In the most audacious literary debut to come out of the Steel City since The Mysteries of Pittsburgh, we meet Peter Morrison, twenty-nine and comfortably adrift in a state of not-quite-adulthood, less concerned about the general direction of his life than with his suspicion that all his closest relationships are the products of inertia. He and his girlfriend float along in the same general direction, while his parents are acting funny, though his rich, hypochondriac grandmother is still good for admission to the better parties.

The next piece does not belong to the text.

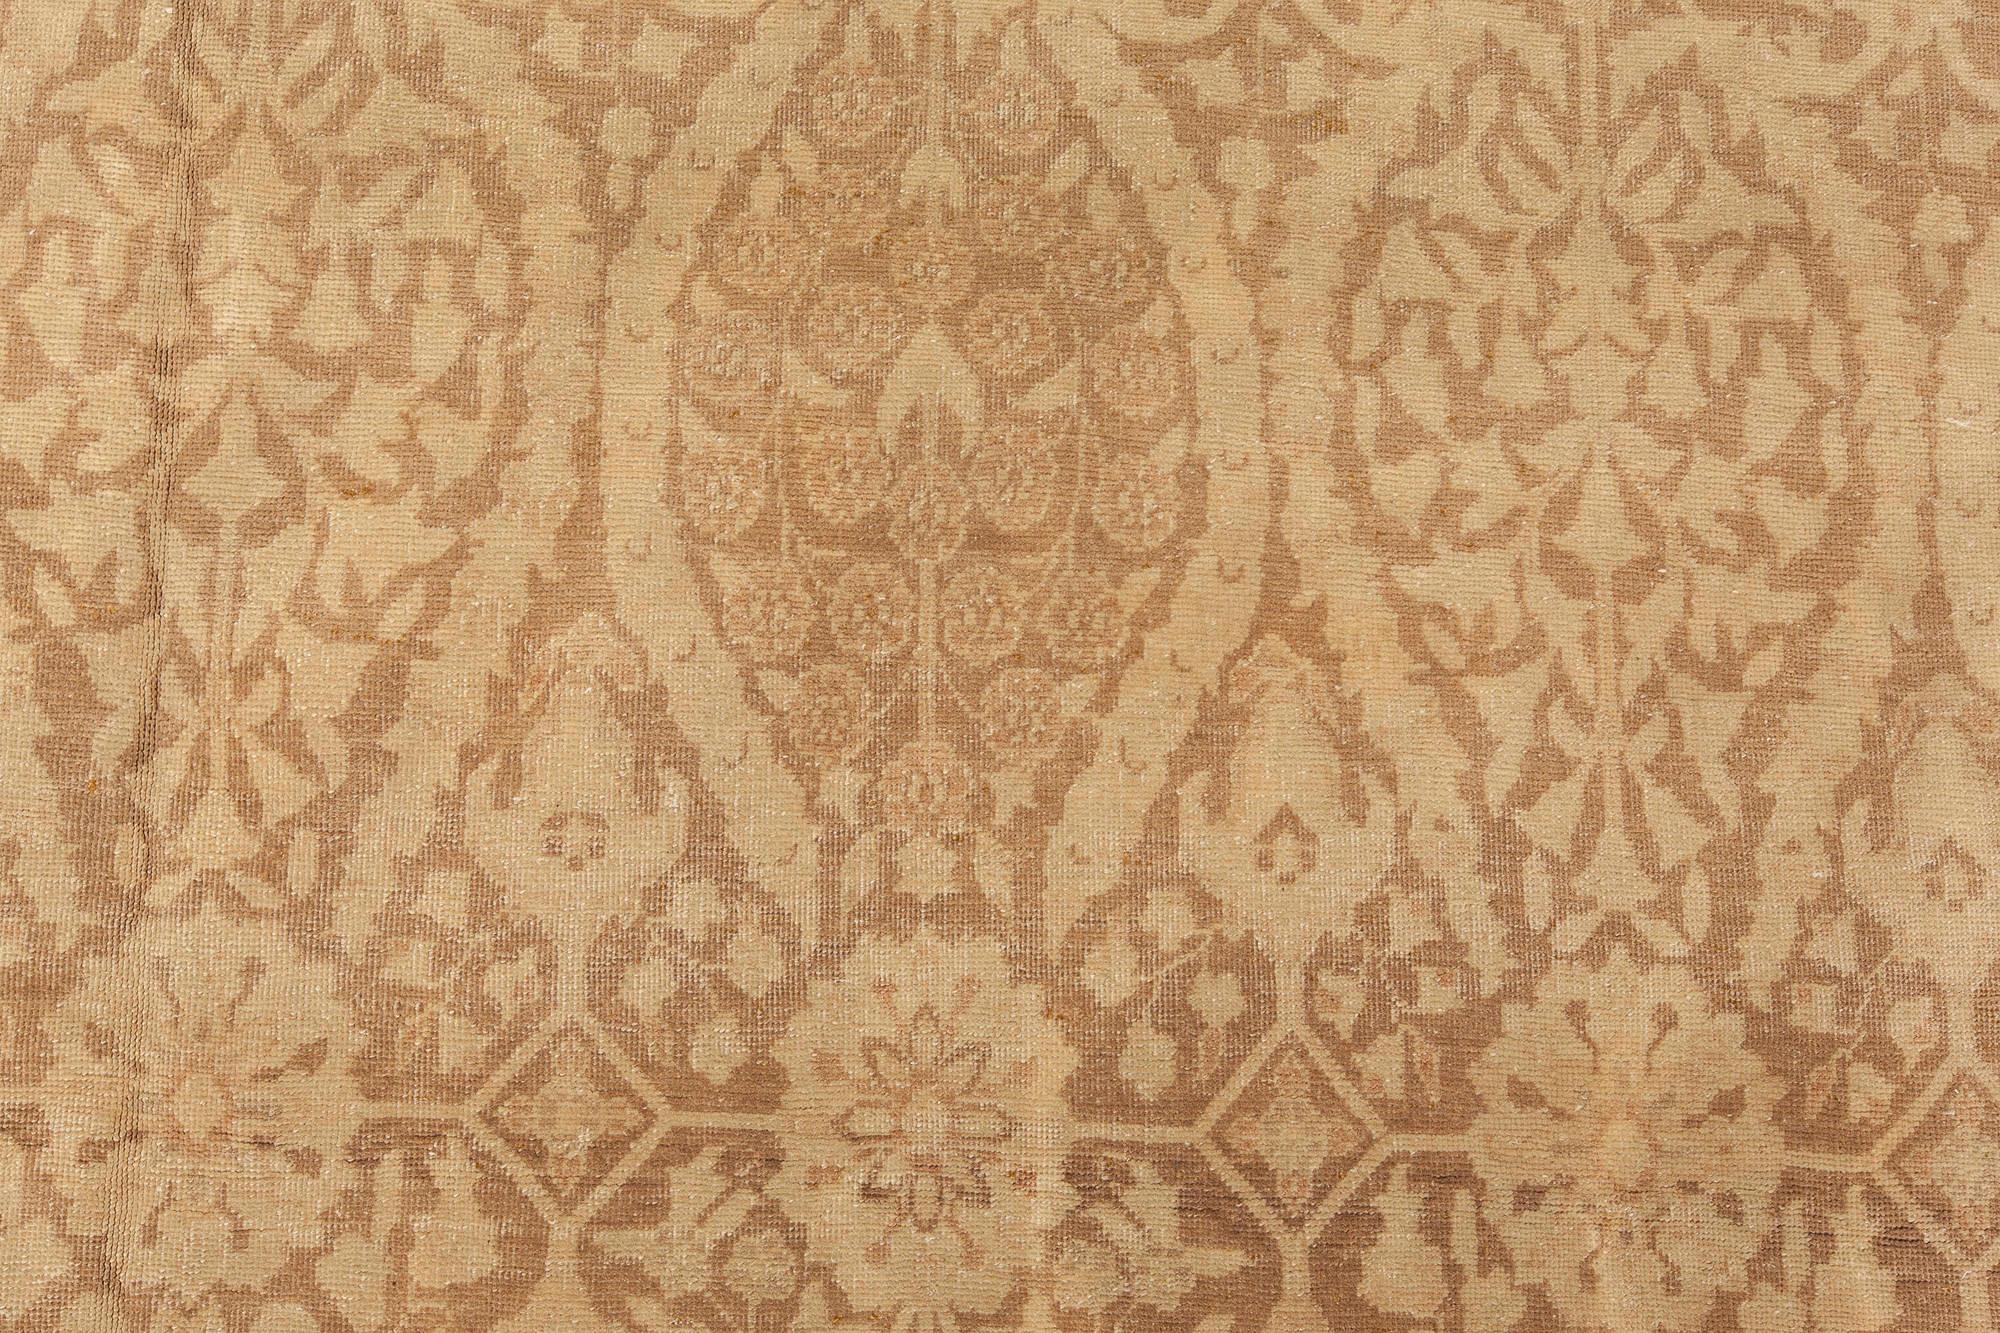 Contemporary traditional oriental inspired handmade wool rug by Doris Leslie Blau.
Size: 8'8

He spends his days clocking into Global Solutions (a firm whose purpose remains unnervingly ambiguous) and his weekends listening to the half-imagined rants of his childhood best friend, Johnny. An addict and conspiracy theorist, Johnny believes Pittsburgh is a "nexus of intense magical convergence" and is playing host to a cabal of dubious politicians, evil corporate schemes, ancient occult rites, and otherwise inexplicable phenomena, such as the fact that people really do keep seeing UFOs hovering over the city.

Against this strange background, Peter meets Mark and Helen, a slightly older couple, new to town, whose wealth and glamour never fully conceal the suggestion of something sinister, and with whom he becomes quickly infatuated. Mark is a corporate lawyer in the process of negotiating a buyout of Global Solutions, and initiates Peter into the real, mundane (maybe) conspiracies of corporations and careers, while Helen—a beautiful and once prominent artist—is both the echo and the promise of the sort of woman Peter always imagined, or was always told he ought to find for himself.

As Peter climbs the corporate ladder, Johnny is pulled into the orbit of a mysterious local author, Winston Pringle, whose lunatic book of conspiracies seems to be coming true. As Johnny falls farther down the rabbit hole, the surreal begins to seep into the mundane, and the settled rhythm of Peter's routine is disrupted by a series of close encounters of third, fourth, and fifth kinds. By the time Peter sets out to save his friend from Pringle's evil machinations (and pharmacological interventions), his familiar life threatens to transform into that most terrifying possibility: a surprise.

In The Bend of the World Philip K. Dick meets Michael Chabon, and Jacob Bacharach creates an appropriately hilarious, bizarre, and keenly observed portrait of life on the edge of thirty in the adolescent years of twenty-first-century America.





About Jacob

Jacob Bacharach is a writer and nonprofit administrator living in Pittsburgh, Pennsylvania. He has a BA in English and creative writing from Oberlin College and an MBA from the University of Pittsburgh. He is not, to the best of our knowledge, a shape-shifting reptiloid or a descendant of the Merovingian dynasty. In his spare time, he cooks, rides bikes, and occasionally plays the violin badly. He prefers "experiencer" to "abductee." This is his first novel.